Originally, I was configuring the UART myself, and using my own RX/TX functions up to the point where the modem enters data mode, when I was destroying my own driver and intialising the esp_modem one, but I figured that was silly, so now I initialise the esp_modem driver early, then use it to send all the commands up to and including data mode. This works well for everything except this one command, where the response is really long.
So although I have added some specific commands for the FCMA62N to esp_modem, this is not one of them; I am simply using the DCE to send a generic command, and capturing the response via the callback.
For completeness, the commands I did add are:
command_result set_echo_fcma62(CommandableIf *t, bool echo)
{
ESP_LOGV(TAG, "%s", __func__ );
if( echo )
{
return generic_command_common( t, "AT+QECHO=1\r\n" );
}
return generic_command_common( t, "AT+QECHO=0\r\n" );
}
command_result set_pdp_context_fcma62(CommandableIf *t, esp_modem::PdpContext &pdp)
{
return command_result::OK; // Wi-Fi does not require an APN
}
command_result set_data_mode_fcma62(CommandableIf *t)
{
ESP_LOGV(TAG, "%s", __func__ );
return generic_command(t, "AT+QPASSTHROUGH\r\n", "CONNECT", "ERROR", 1000);
}
command_result power_down_fcma62(CommandableIf *t)
{
ESP_LOGV(TAG, "%s", __func__ );
return generic_command(t, "AT+QPOWD=1\r\n", "POWER DOWN", "ERROR", 1000);
}
but these (with the possible exception of QPOWD, which Quectel are still to implement) all function correctly, so I don't believe my issue is due to this.
PS I am on leave, so may not respond immediately.

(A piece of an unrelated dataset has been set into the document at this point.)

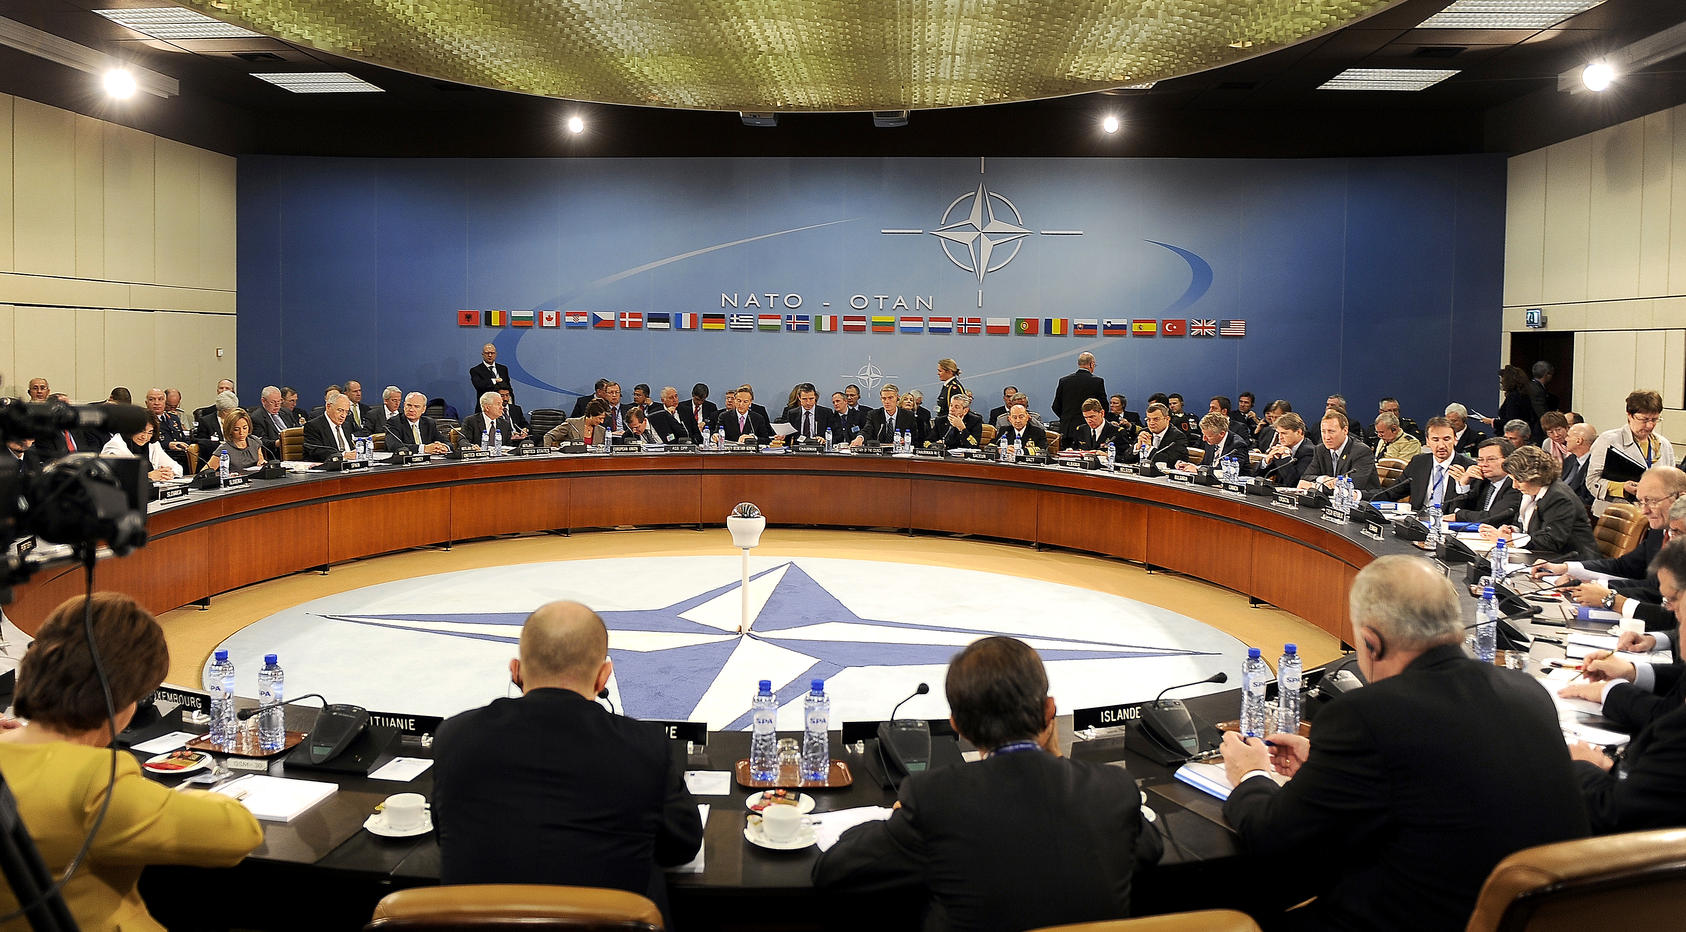 U.S. Defense Secretary Robert M. Gates and other members of NATO Ministers of Defense and of Foreign Affairs meet at NATO headquarters in Brussels, Belgium, Oct. 14, 2010, to give political guidance for the November meeting of Allied Heads of State and Government at the NATO Summit in Lisbon, Portugal.
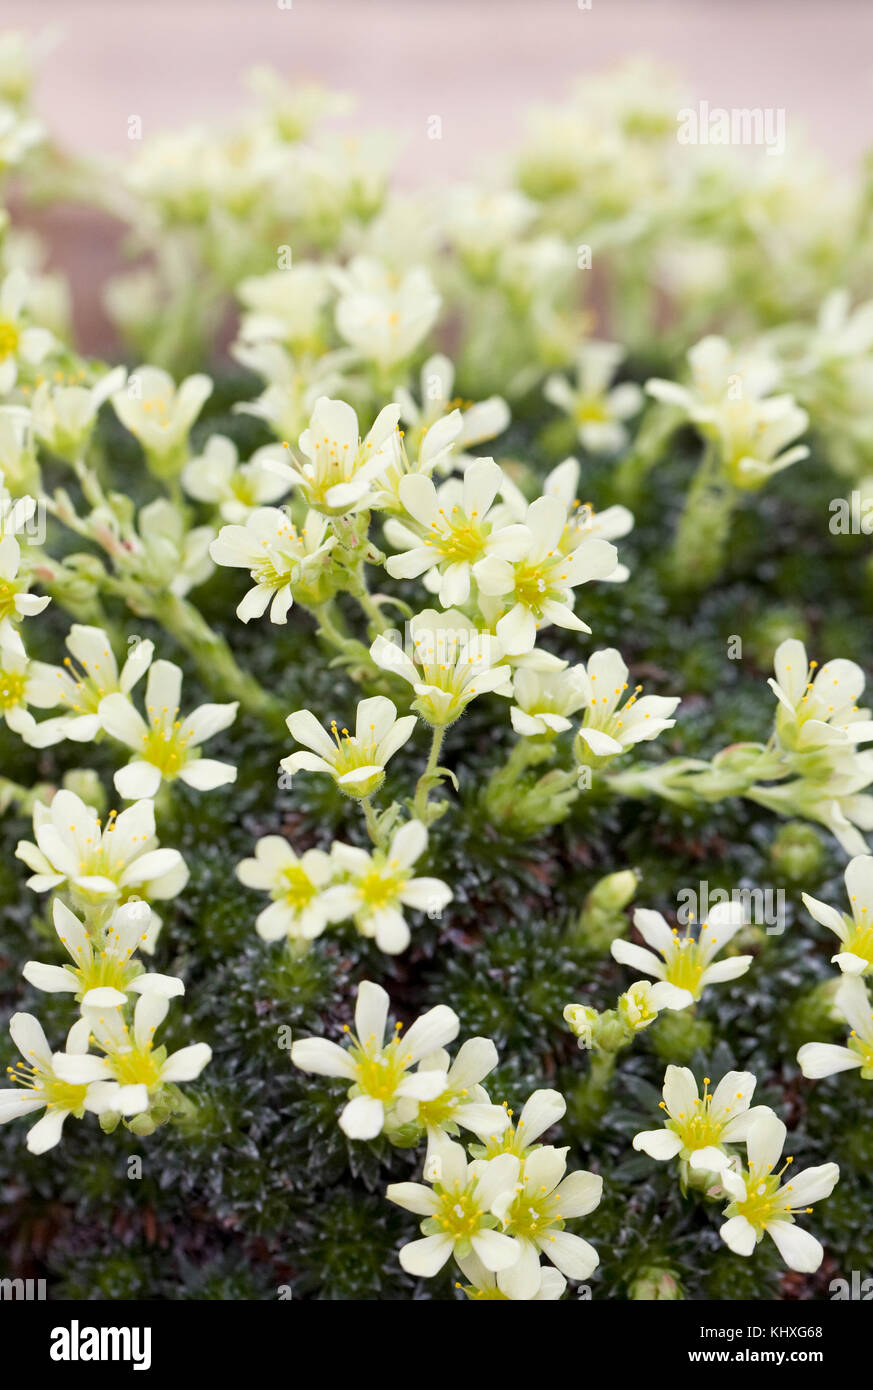 Saxifraga 'Spartakus' flowers growing in a protected environment. Stock Photo

So, if I read the code correctly, you send the command and get the response in one go, returning either command_result::OK or command_result::FAIL from the callback (which works fine for commands that return the entire response in one go).
You can check the implementation of the generic command:
https://github.com/espressif/esp-protocols/blob/3fc26a5e5ce283cd7c94ddf25e79b8fa381cb341/components/esp_modem/src/esp_modem_command_library.cpp#L25-L39
This lambda here returns command_result::TIMEOUT unless an expected response appears (typically OK or ERROR or timeout hits), so if the response comes in multiple chunks it'd just "try again".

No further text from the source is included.